NBISweden / pipelines-nextflow

A set of workflows written in Nextflow for Genome Annotation.
GNU General Public License v3.0
43 stars 18 forks source link

Add Augustus training extra steps #6

Closed mahesh-panchal closed 4 years ago

mahesh-panchal commented 4 years ago

Added extra steps for Augustus training steps. (#2 )

It needs testing since I don't have an appropriate test data set.

We should make providing a test dataset a prerequisite for adding enhancements.

mahesh-panchal commented 4 years ago

OK. Fixed Augustus issue. If you want a parameter to write species to /projects/references/augustus/config/species/ as well as to the current directory, we can add that too.

e.g. params.maker_species_publishdir

mahesh-panchal commented 4 years ago

Added params.maker_species_publishdir. Please update the README too please.

Juke34 commented 4 years ago

Why augustus_training_species option is a list? The readme says [ 'species1', 'species2' ] but only one species/profile could anyway be trained at a time. Any reason for that?

params.maker_species_publishdirparam should be empty by default, and in such case the step skipped. The current behaviour is a failure:

[40/1fc849] process > augustus_training_dataset:augustus_training (test_asecodes_parviclava)                                                                           [  0%] 0 of 1
Oops .. something went wrong
Error executing process > 'augustus_training_dataset:augustus_training (test_asecodes_parviclava)'
Caused by:
  /path

If cannot be fixed we should add a troubleshooting section for explaining it. Personally I would prefer we remove this last step rather having a failure message. It is not a big deal to move the result folder.

LucileSol commented 4 years ago

I had no problem with the

params.maker_species_publishdir

I put this path /projects/references/augustus/config/species/ because it is where maker will then check the path in our cluster. what do you mean by current behavior, when it is empty?

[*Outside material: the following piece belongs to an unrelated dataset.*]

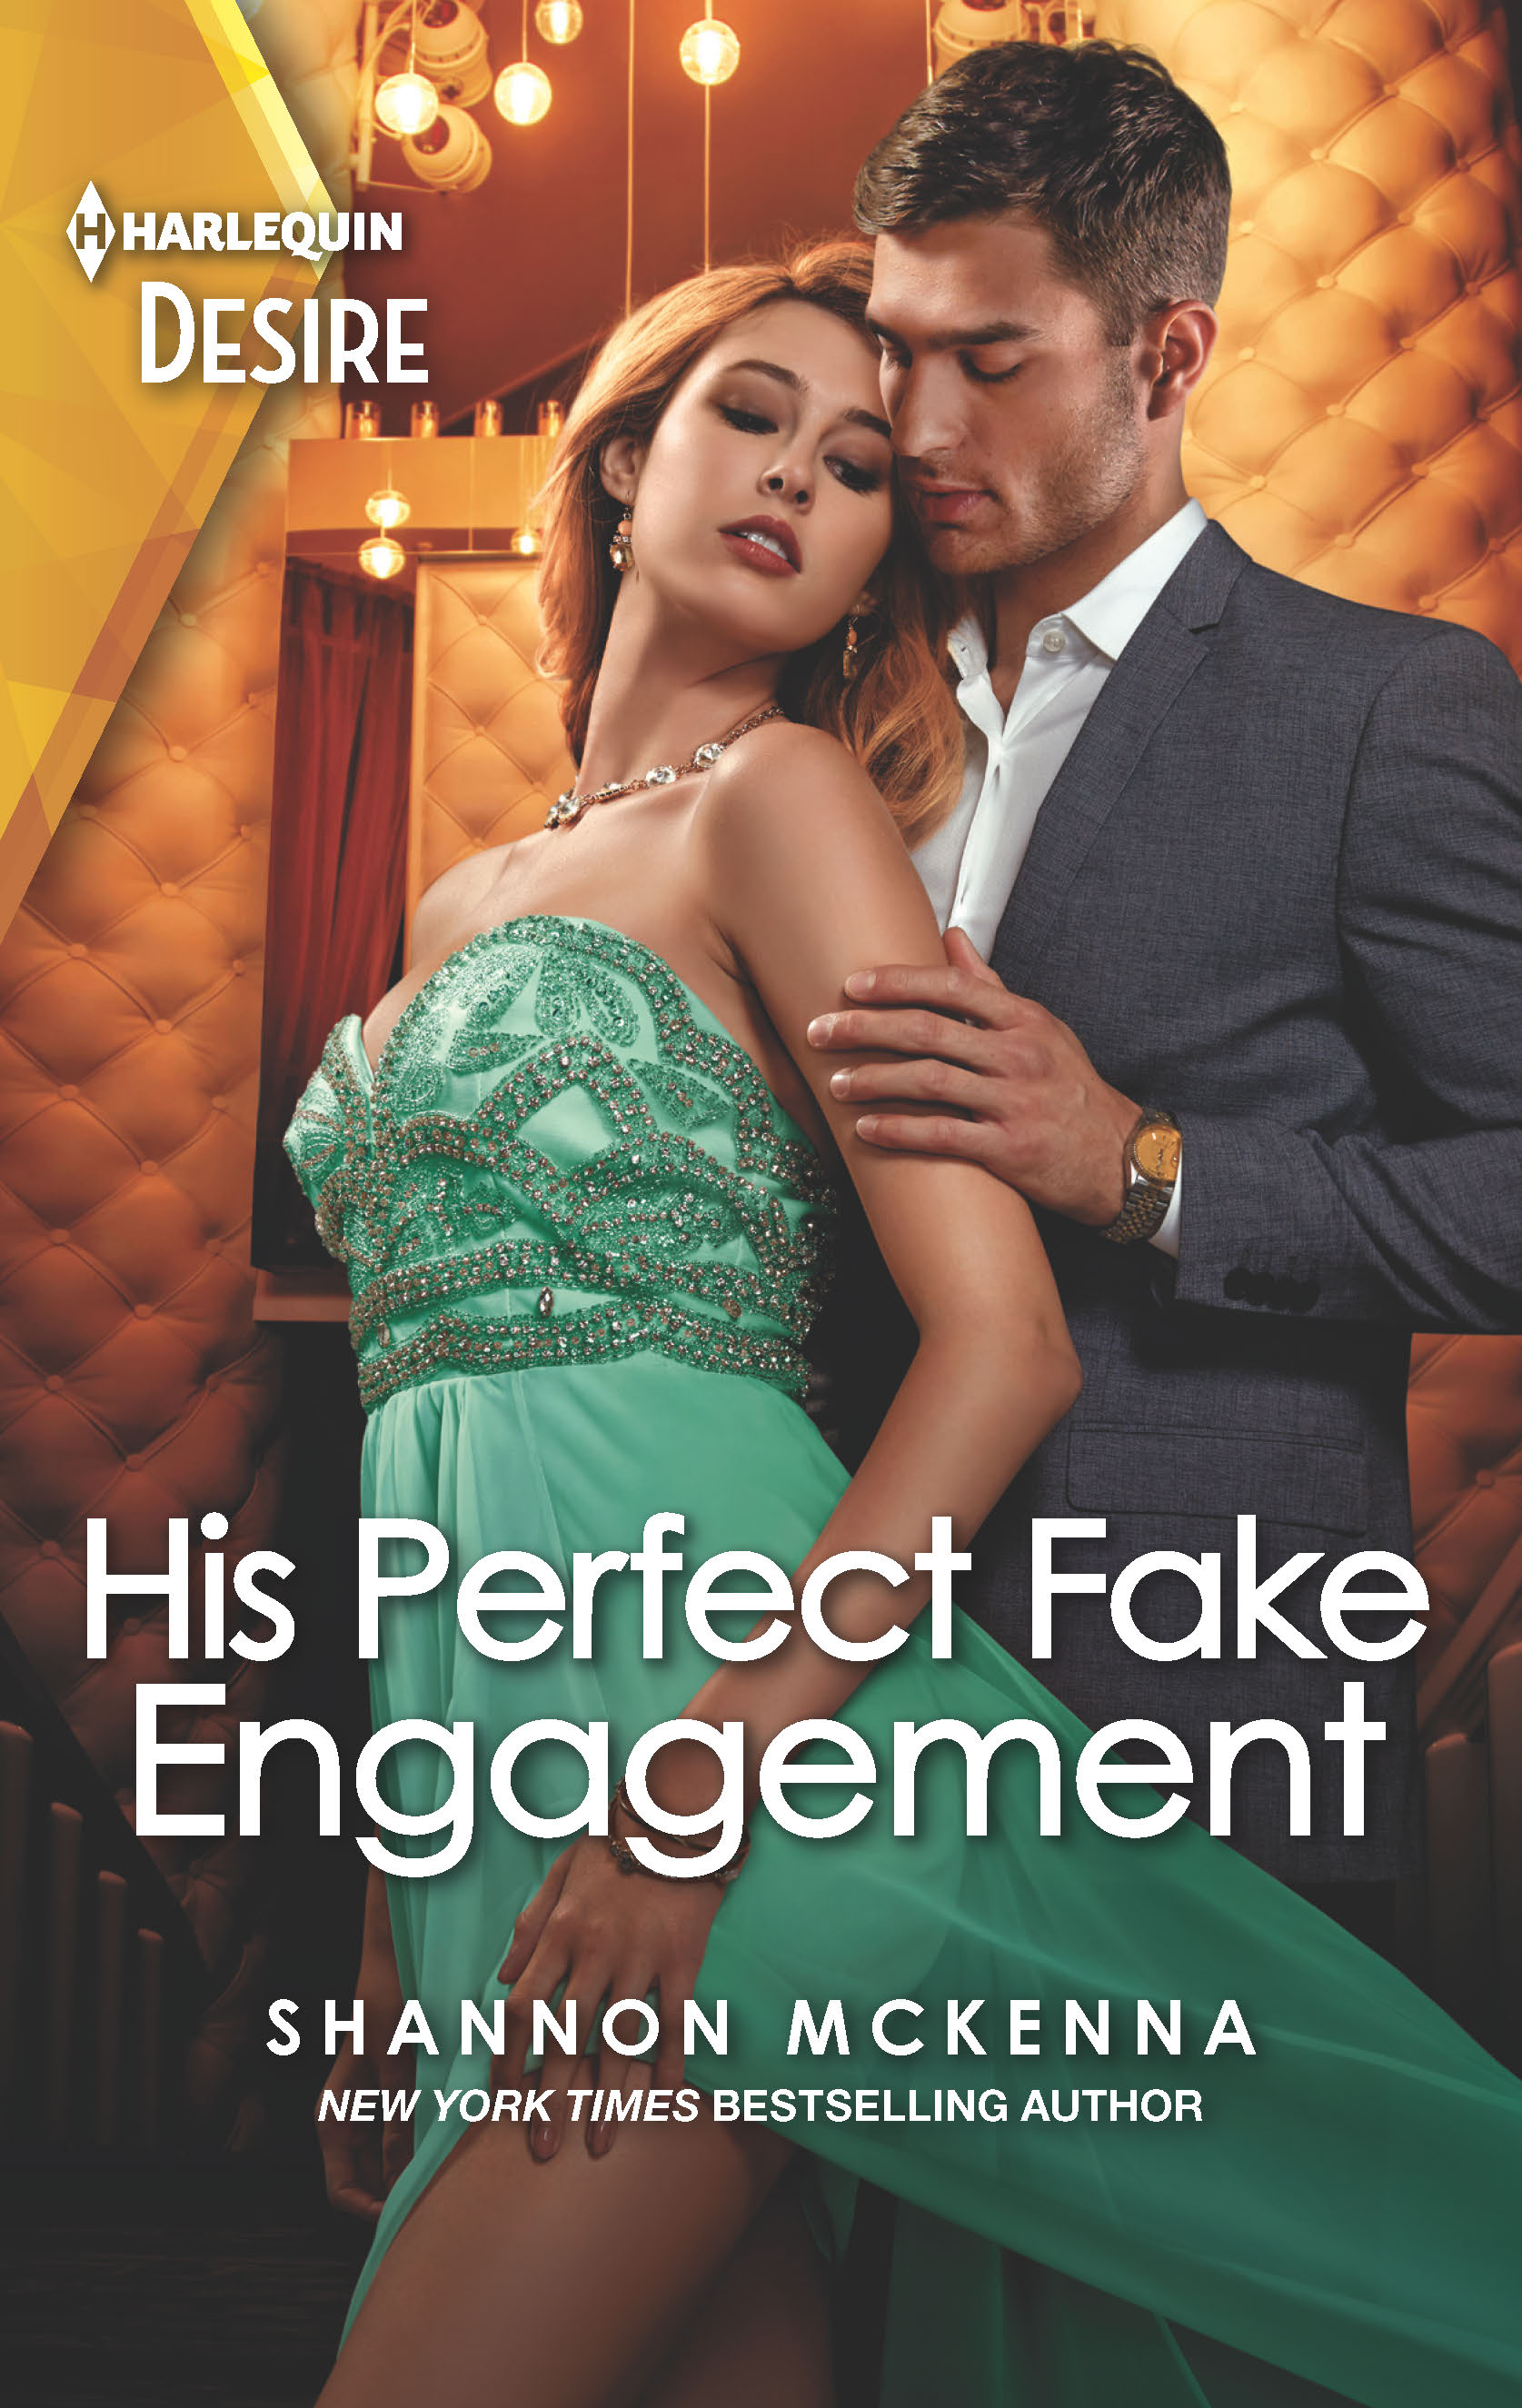 His Perfect Fake Engagement - Shannon McKenna | New York Times ...
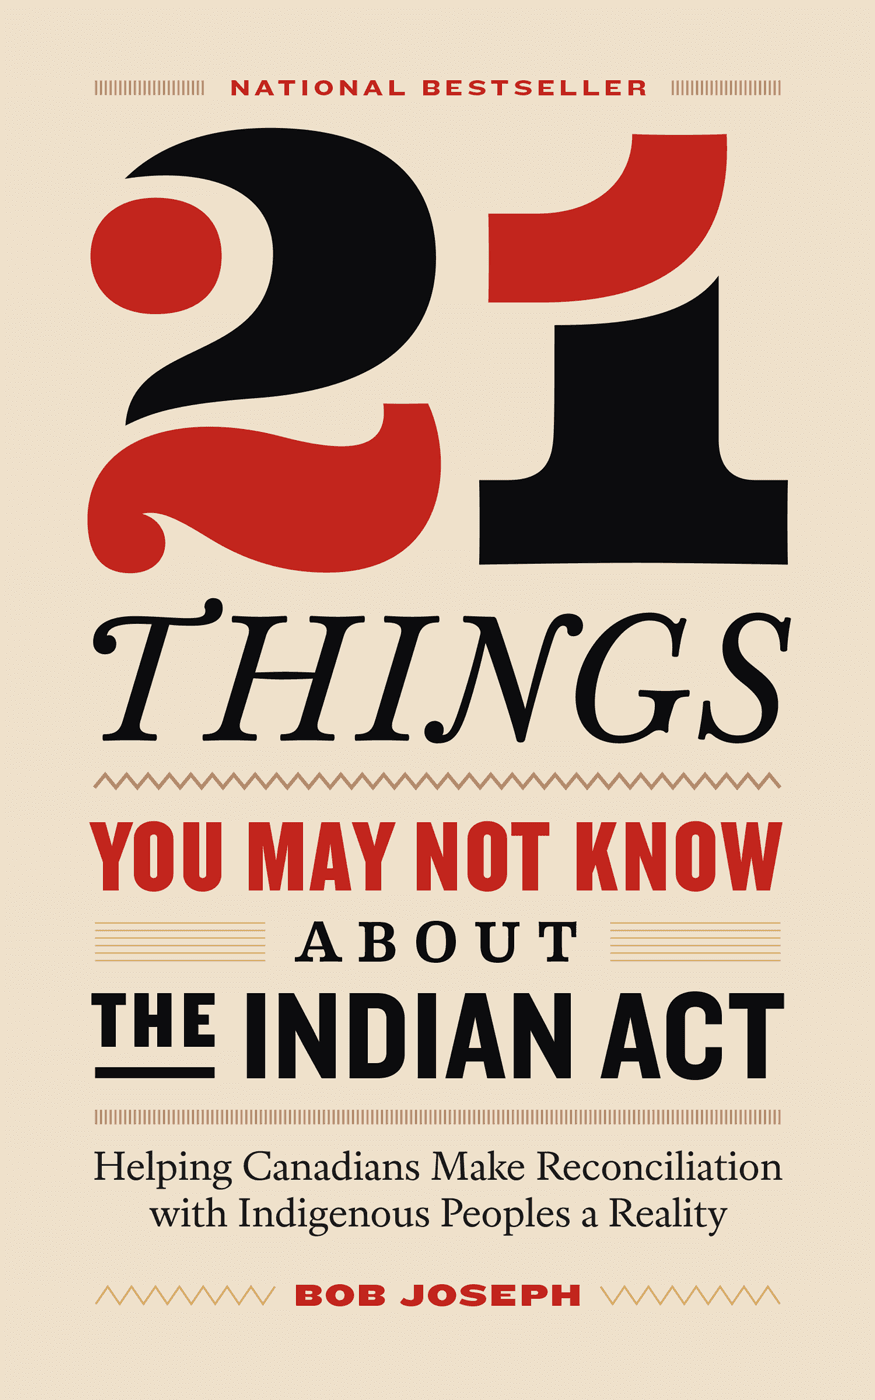 raincoast 21 things you may not know about the indian act : helping  Canadians make reconciliation with indigenous  peoples a reality  by Bob Joseph

I would prefer to not move the results folder as we can forget to do it or not do it properly but I understand it if you want to use this pipeline outside of our own cluster.

Juke34 commented 4 years ago

what do you mean by current behaviour

Actually letting the option like it is params.maker_species_publishdir = '/path/to/shared/maker/folder/' gives the error I mentioned.

By default it would be better to be params.maker_species_publishdir = undef and in such case skip this step.

mahesh-panchal commented 4 years ago

I'll repeat what I said before. The current version of nextflow has a bug where if the enabled for publishDir evaluates to false, it still tries to write the directory. This will be fixed in the next release. I use dummy paths in the pipeline to better explain what the values should be. You should use common sense to change them. The expected behaviour once the bug is fixed, is that if that folder does not exist, it will not write it there. For now, use undef if it fixes that behaviour, but after Nextflow is updated, you should not have to worry about it.

mahesh-panchal commented 4 years ago

I'll modify the augustus_training_species parameter. It was never clear to me what this actually supposed to do.

Juke34 commented 4 years ago

Thanks I didn’t get everything the first time :) It not the good place to talk about it but I also suggested as a general mechanism instead to use grep to get the parameters, the use of an utility script that should get the parameters with the meta information (comments that explain what they do and if they are optional or not). But II’m not sure we can have comments in a params.config file.